To enable this feature use one or more Process selectors in your Nextflow configuration file to apply the Google Pipelines executor only to a subset of processes in your workflow. For example:
process {
withLabel: bigTask {
executor = 'google-lifesciences'
container = 'my/image:tag'
}
}
google {
project = 'your-project-id'
zone = 'europe-west1-b'
}
Then deploy the workflow execution using the -bucket-dir
to specify a Google Storage path
for the jobs computed by the Google Pipeline service and, optionally, the -work-dir
to
specify the local storage for the jobs computed locally:
nextflow run <script or project name> -bucket-dir gs://my-bucket/some/path
Warning
The Google Storage path needs to contain at least sub-directory. Don’t use only the
bucket name e.g. gs://my-bucket
.
Quotas
Compute resources in Google Cloud are subject to resource quotas which may affect your ability to run pipelines at scale. You can request quota increases, and your quotas may automatically increase over time as you use the platform. In particular, GPU quotas are initially set to 0, so you must explicitly request a quota increase in order to use GPUs. Initially you can request an increase to 1 GPU at a time, and after one billing cycle you may be able to increase it further.
Limitations
Currently it’s not possible to specify a disk type different from the default one assigned by the service depending on the chosen instance type.
Troubleshooting
Make sure to have enabled Compute Engine API, Life Sciences API and Cloud Storage Service in the APIs & Services Dashboard page.

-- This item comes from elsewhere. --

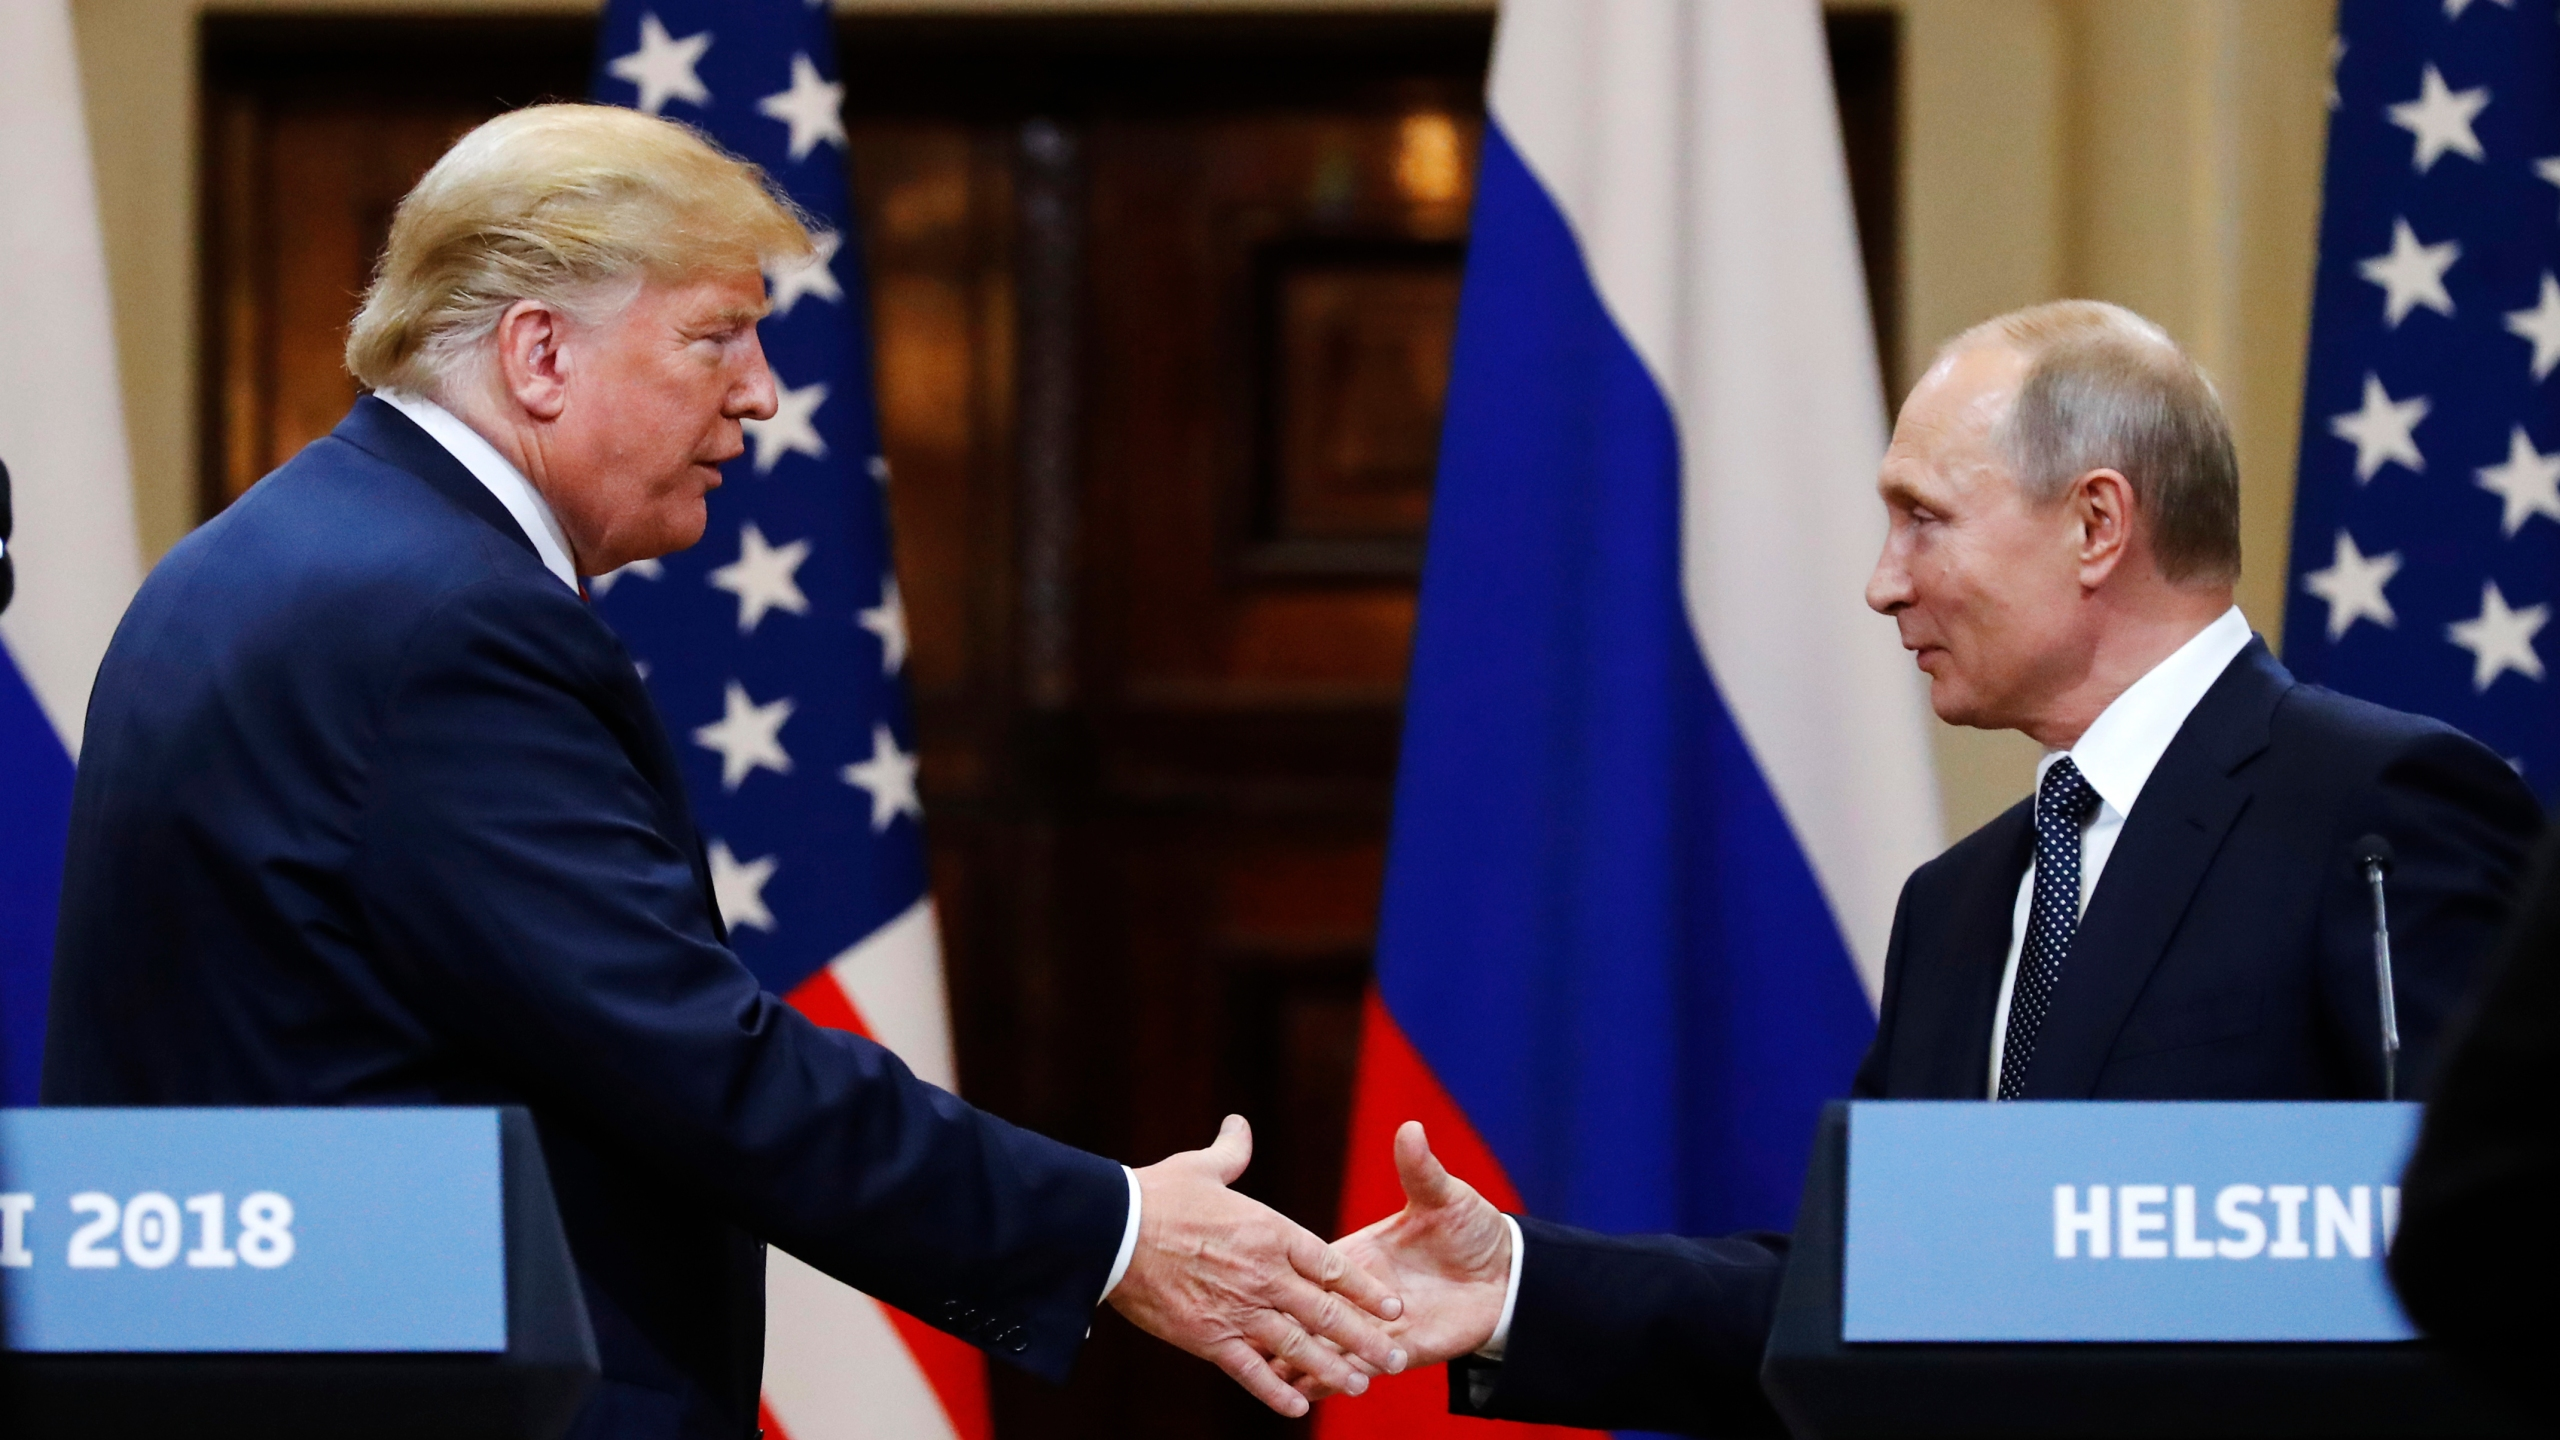 APTOPIX_Finland_Trump_Putin_Summit_66350-159532.jpg38438806
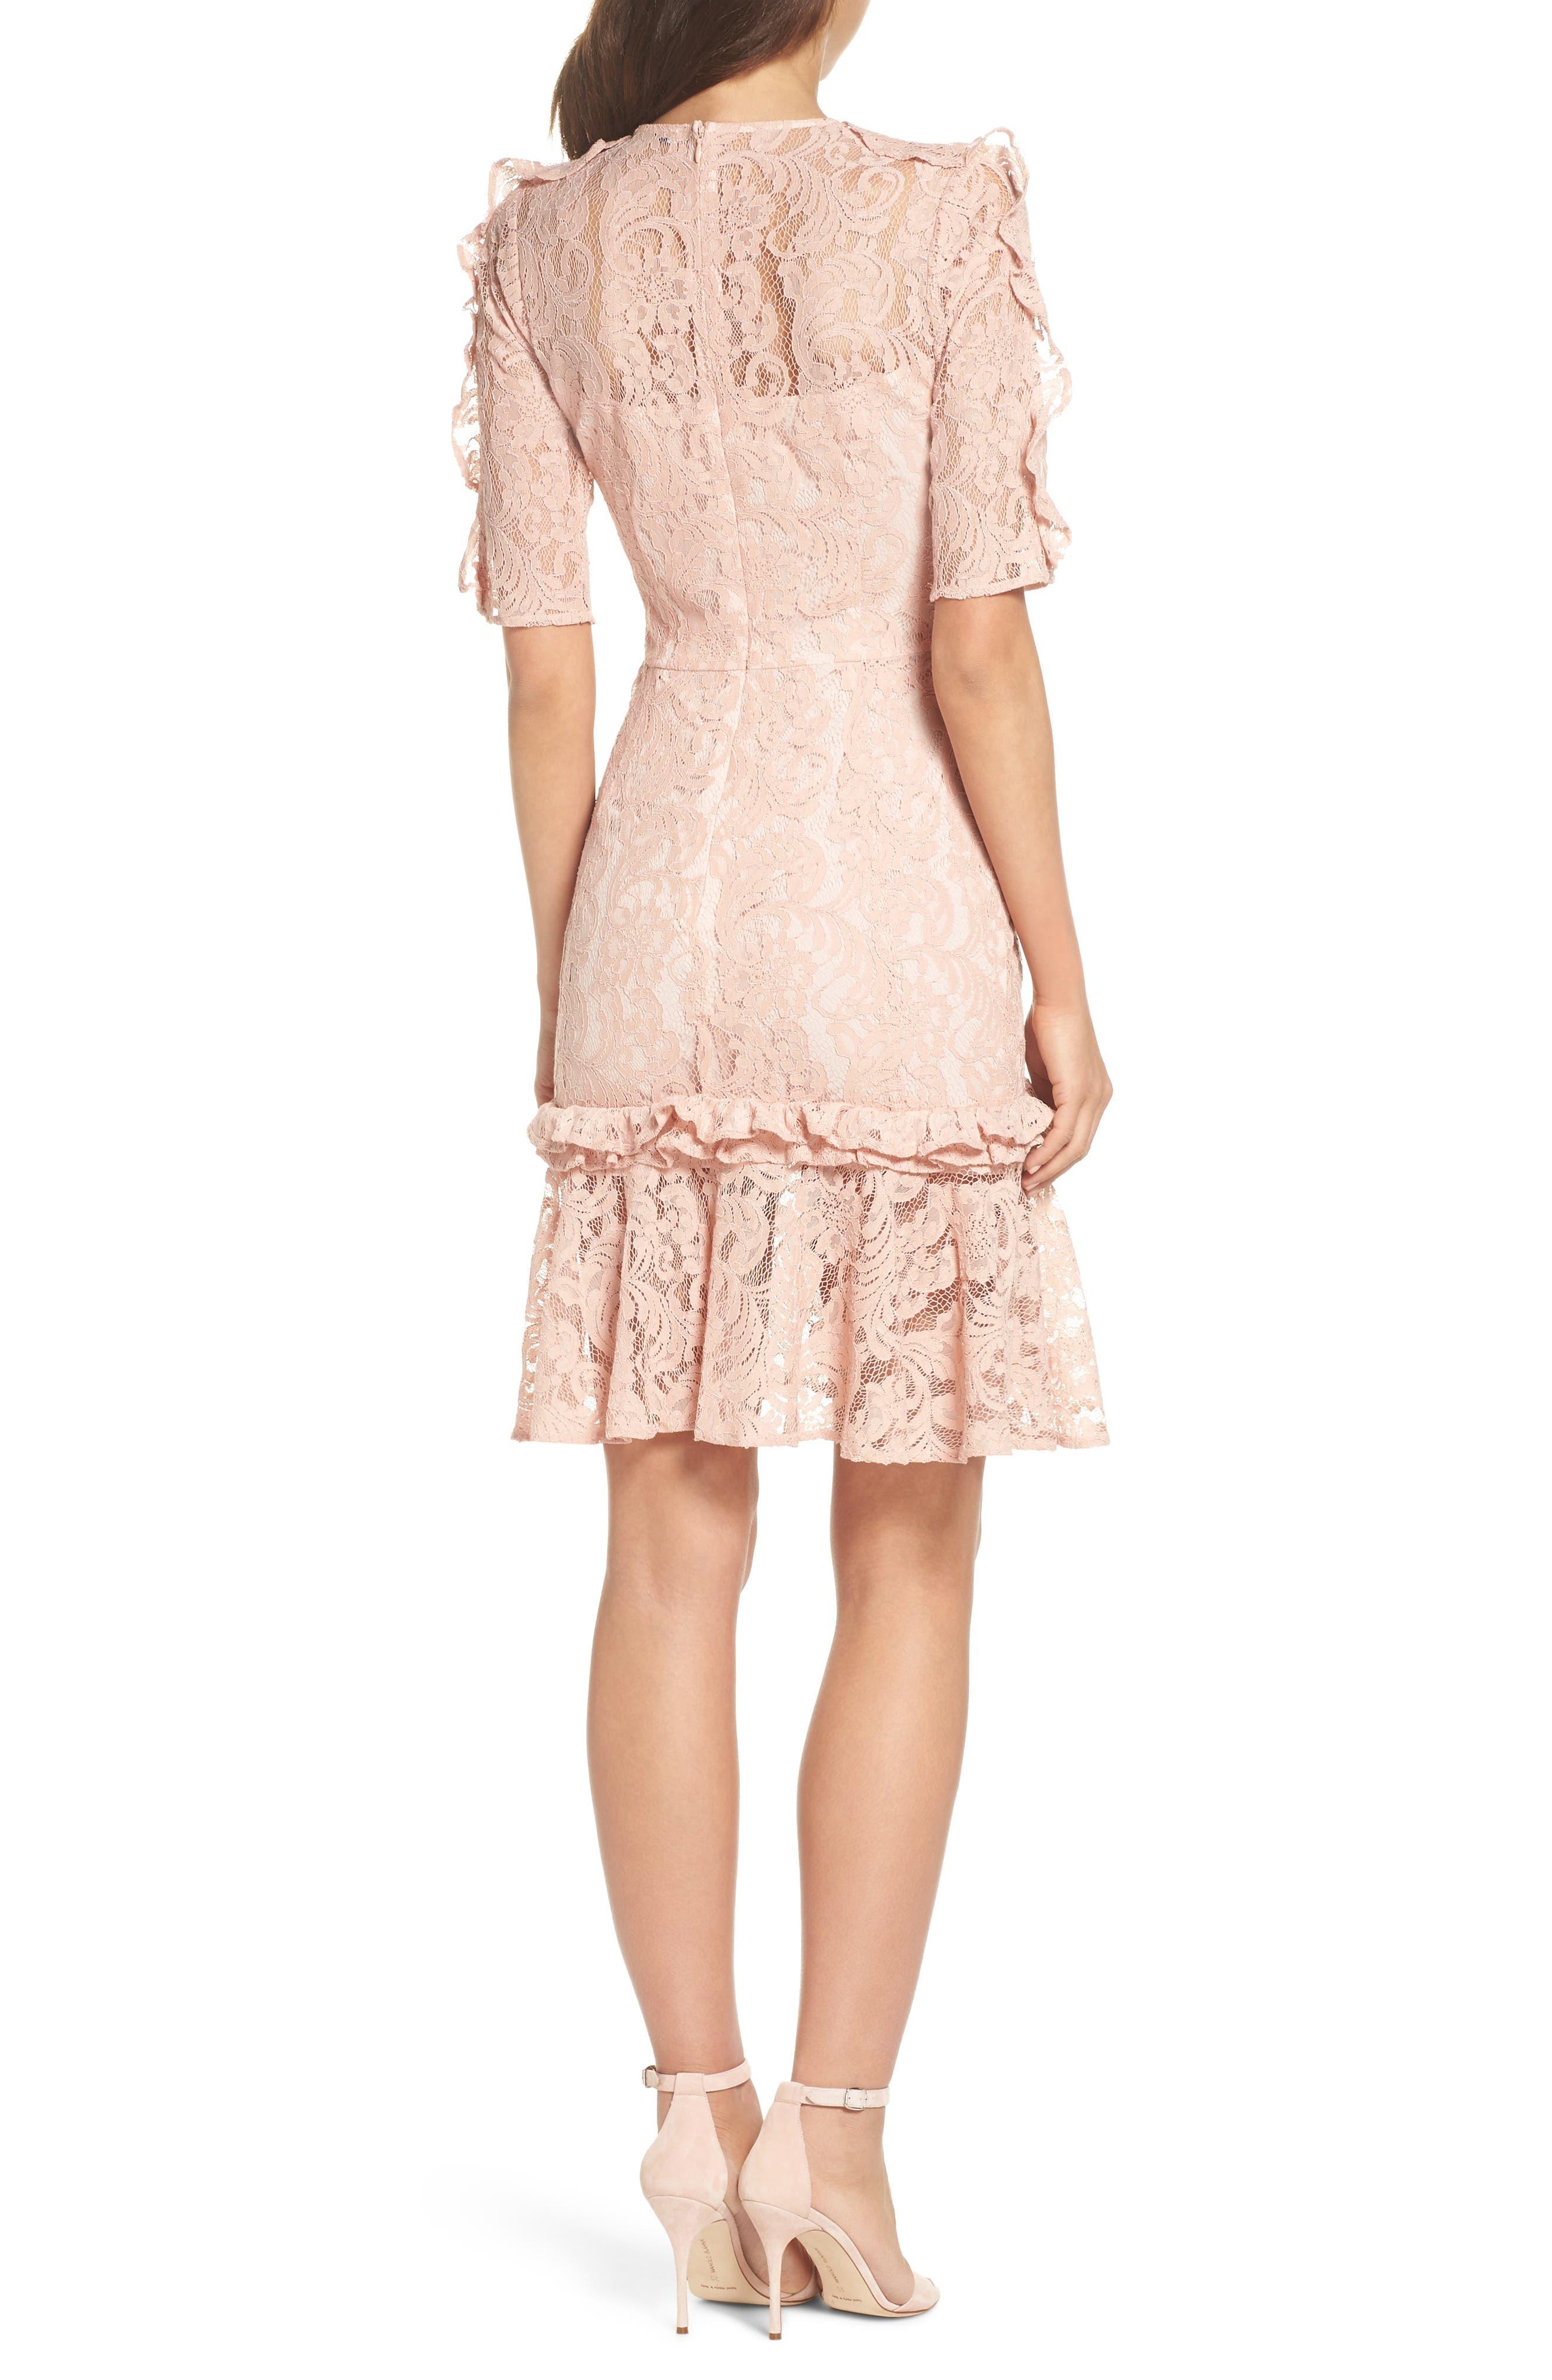 Hushed Dove Lace Dress,                             Alternate thumbnail 2, color,                             Rose Cloud

Make sure to have enough compute resources to run your pipeline in your project Quotas (i.e. Compute Engine CPUs, Compute Engine Persistent Disk, Compute Engine In-use IP addresses, etc).
Make sure your security credentials allows you to access any Google Storage bucket where input data and temporary files are stored.
Check the directory
google/
created in the task work directory (in the bucket storage) created when on job failure and containing useful information of the job execution. The creation can be enabled as default setting the optiongoogle.lifeSciences.debug = true
in the Nextflow config fileEnable the optional SSH daemon in the job VM using the option
google.lifeSciences.sshDaemon = true
Make sure you are choosing a location where Cloud Life Sciences API is available, and a region or zone where Compute Engine is available.